This is very useful for quickly selecting a subset of rows that satisfy a predicate (like you might do with a WHERE clause in SQL). For example, say we want to select all rows that have a value of "parachute" in the "label" column. We could do this using the following code:

In [24]: small_dp.lz[small_dp["label"] == "parachute"]
Out[24]: DataPanel(nrows: 0, ncols: 13)

Copy vs. Reference

See Copy vs. View Behavior for more information.

You may be wondering whether the rows returned by indexing are copies or references of the rows in the original DataPanel. This depends on (1) which of the selection strategies above you use (slice vs. Sequence[int] vs. Sequence[bool]) and (2) the column type (e.g. PandasSeriesColumn, NumpyArrayColumn).

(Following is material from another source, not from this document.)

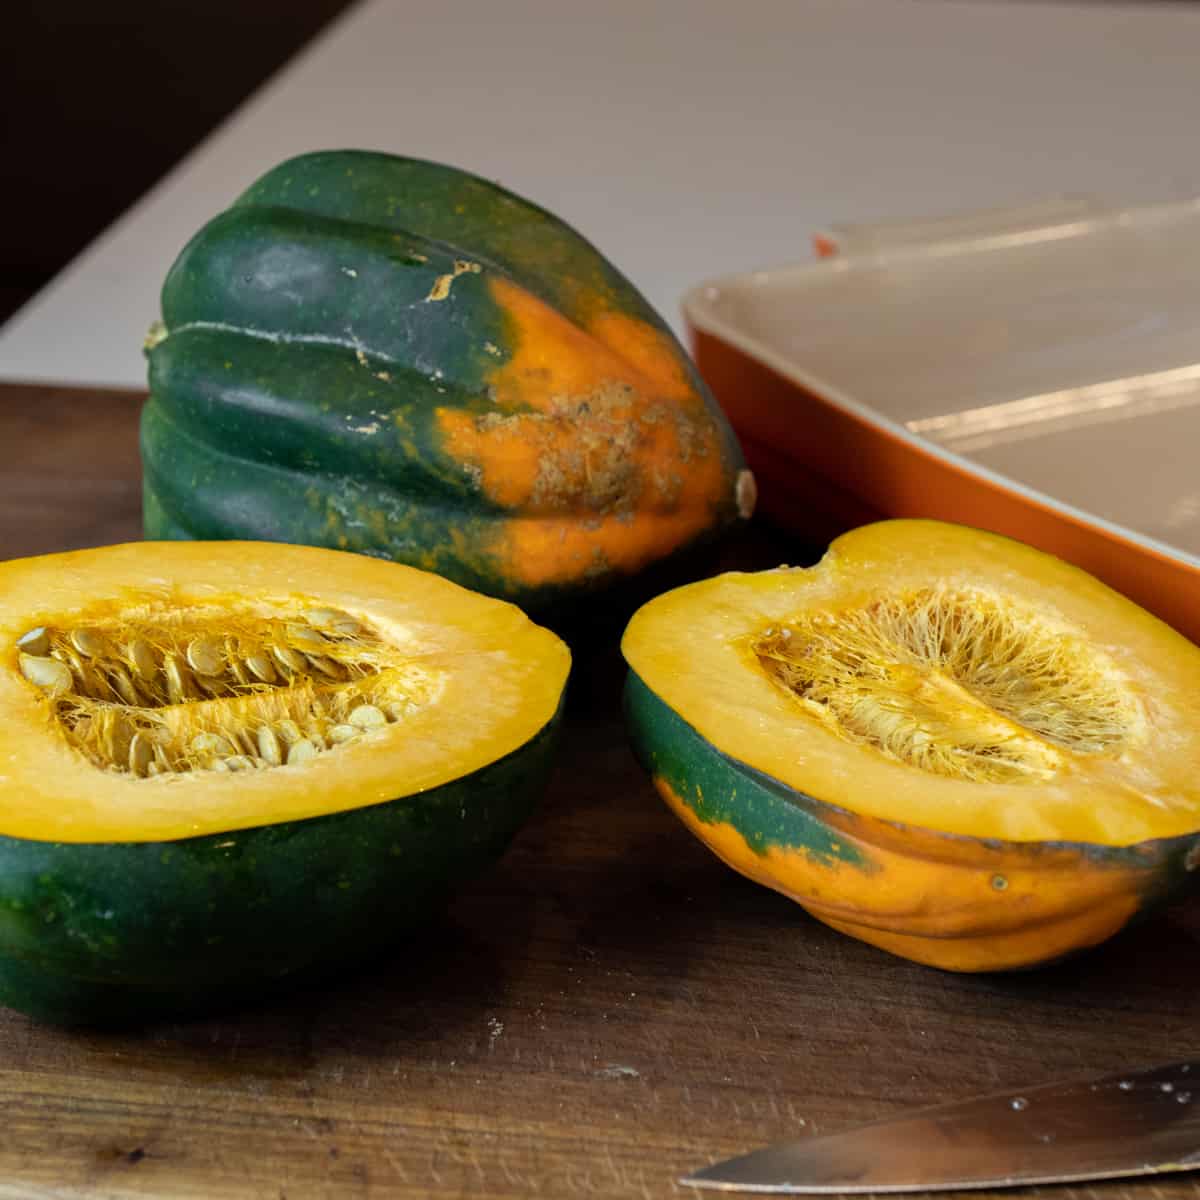 Acorn squash cut in half next to a whole one.

In general, columns inherit the copying behavior of their underlying data structure. For example, a NumpyArrayColumn has the copying behavior of a NumPy array, as described in the Numpy indexing documentation. See a more detailed discussion in Copy vs. View Behavior.

For Pandas Users

.iloc and .loc: Pandas users are likely familiar with .iloc and .loc properties of DataFrames and Series. These properties are used to select data by integer position and by label in the index, respectively.In Meerkat, DataPanels and Columns do not have a designated index object as do DataFrames and Series. In Meerkat, the primary way to select rows in Meerkat is by integer position or boolean mask, so there is no need for distinct .iloc and loc indexers.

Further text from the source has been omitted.